Polio surveillance network helped curb COVID-19 in Pakistan, according to Salman Ahmad

Web Desk
September 29, 2020

Salman Ahmad's work in rural Pakistan was the subject of discussion in a BBC Radio show

Polio surveillance network helped curb COVID-19 in Pakistan, according to Salman Ahmad
Salman Ahmad strums a guitar in front of a live audience. Photo: File

Pakistan is hailed as one of the few countries around the world who effectively handled the coronavirus lockdown, baffling many who had predicted disastrous consequences of the infection in the country.
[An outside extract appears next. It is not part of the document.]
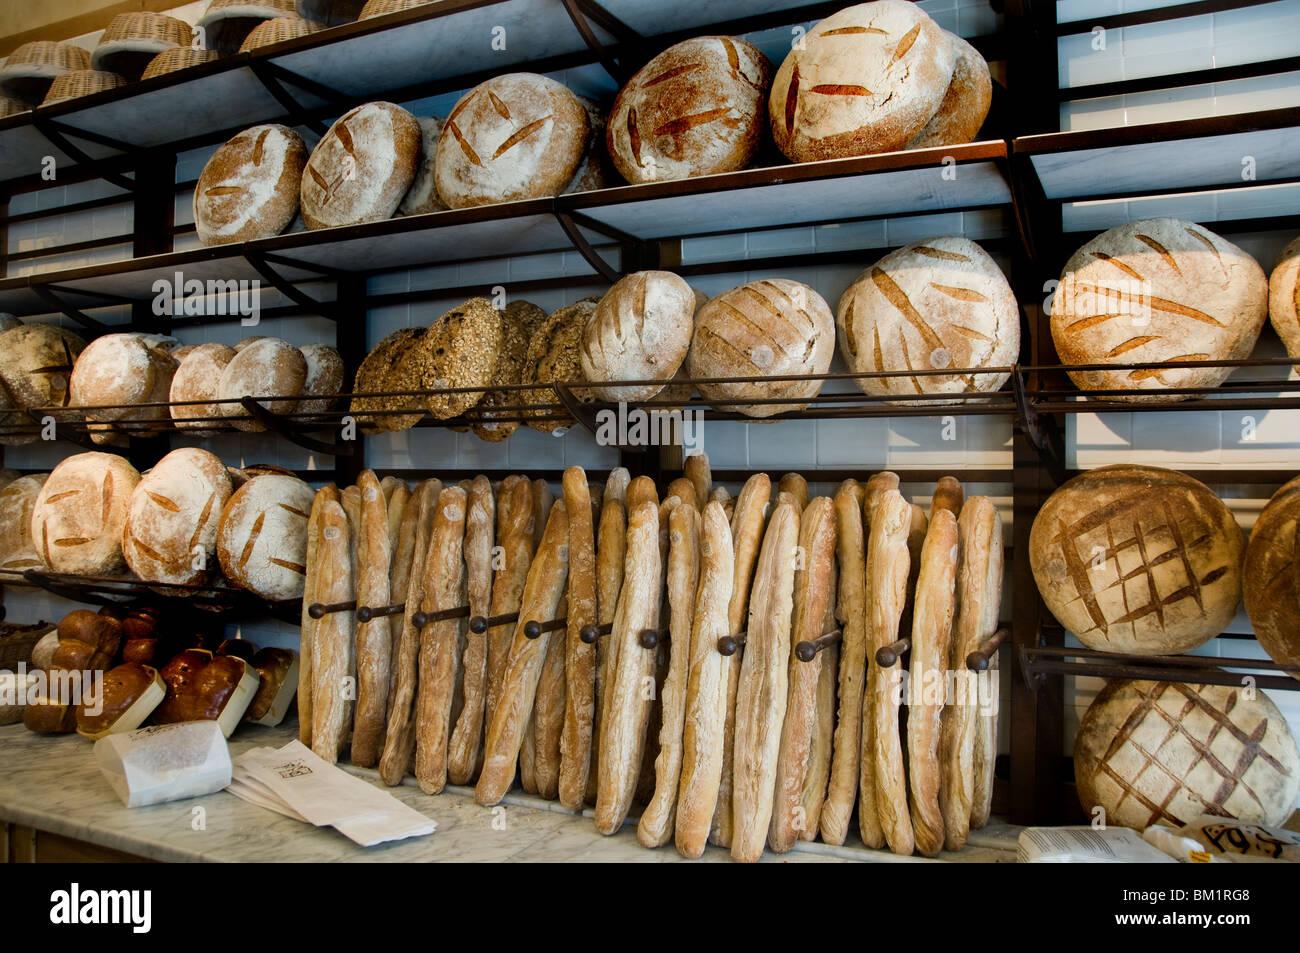 Bruxelles panetteria Boulangerie et tabella comune Bakkerij en Gemeenschappelijke Tafel Belgio Place de Grand Sablon Immagini Stock

However, singer and activist Salman Ahmed thinks the country's polio surveillance network helped curb COVID-19 at the right time.

These findings were discussed in BBC Radio show 'Dotun Adebayo' hosted by Susanne Courtney on September 21, in which reporter Rani Singh narrated Salman Ahmad's experiences in the context of Pakistan's surprising success in handling coronavirus amidst the global pandemic.

A Pakistani health worker administers polio drops to a child at a railway station during a polio vaccination campaign in Lahore on Aug. 27, 2019. (AFP/File)

Salman, who is the UN Goodwill Ambassador for coronavirus for South Asia, said that the polio networks spread out across the country may have helped in curbing the COVID-19 in the country.

He has done his fair share of research as well, as the singer was out on the roads for three months in the rural areas of Pakistan, where 63% of the country's large population resides in slum areas.

According to Salman, the polio surveillance network — consisting of a million Pakistanis spread across the country — informed authorities about the on-ground situation of the infection which led the government to impose local lockdowns, not national ones.

A health worker marks the finger of a child after administering him polio drops in Lahore. Photo: AFP

However, experts and Salman both are equally mystified because the COVID-19 hasn't had a disastrous effect on the local population of the country living in these congested areas. They think it could either be the diet, the humidity in the country or the strain of the virus in Pakistan that averted the disaster.

Another mystifying aspect of the crisis was that when 11% of the country tested positive for COVID-19 in June, when the infection was considered being at its peak in Pakistan, a huge number of people were asymptomatic. They suspect these 11% of the population may have created an immunity that must have thwarted the virus from spreading across the country to even higher levels.

However, Pakistan is not out of the woods yet, believes Salman. The main test, according to him, will be when the country reopens schools and as many as 50 million children go back to schools to resume their classes.